If a goal of your college or university is to encourage interdisciplinary teaching and research, are your institutional policies hindering this objective?
Tenure and promotion requirements are a major impediment to interdisciplinary programs as they encourage silos, narrow interaction, and discourage initiatives between departments.

When your institution is interviewing candidates for a faculty position, do other departments participate in the selection? Do they have a vote? A number of institutions now require that any new hire help another department.
If several faculty desire to teach a course concurrently, does the way in which faculty credit is given support or hinder that activity? At some institutions, faculty will get full credit despite the shared initiative.

Faculty load also plays a part in that the higher the load, the more likely that teaching will be a priority. Finding the time to explore and create interdisciplinary courses and creating opportunities for interdisciplinary research will not be a priority.
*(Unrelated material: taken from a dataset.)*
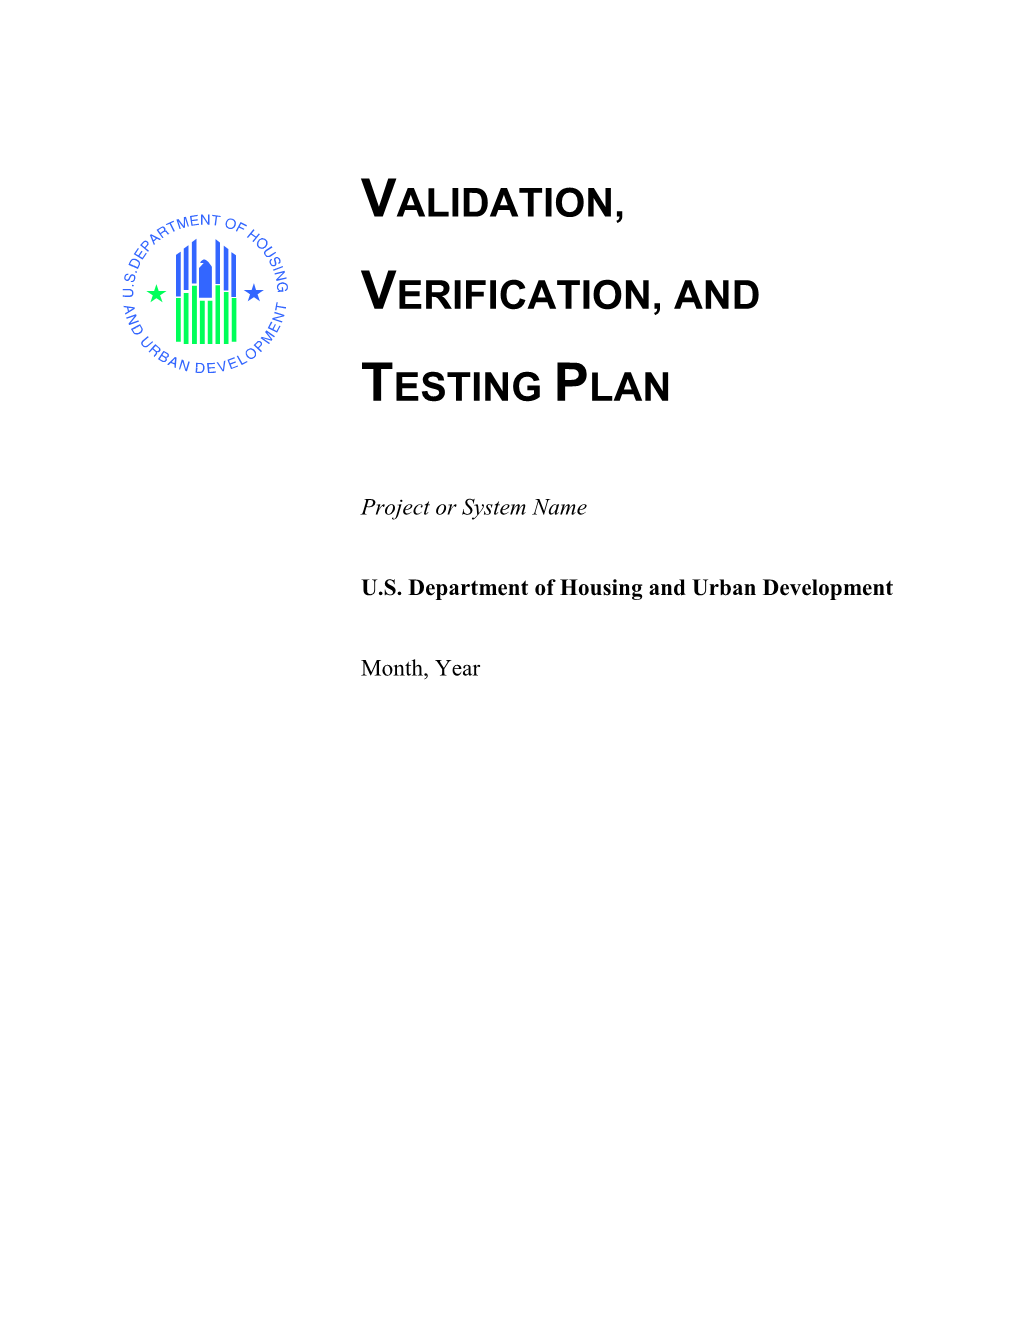 Validation, Verification, and Testing Plan Template

How does the institution deal with cost recovery when several departments are working together on a research project? Is it assigned to the PI's department, shared, or allocated based on some other factor, such as the number of graduate students involved or a percentage of the research expenditure?

Geography plays an important constraint as well. On many campuses, large departments have their own buildings, almost guaranteeing isolation. In the future, there will be fewer stand-alone buildings and more interconnected spaces.

So while space provides the opportunity for interdisciplinary initiatives, without a careful review of the policies that might impede its implementation, the opportunity might be lost.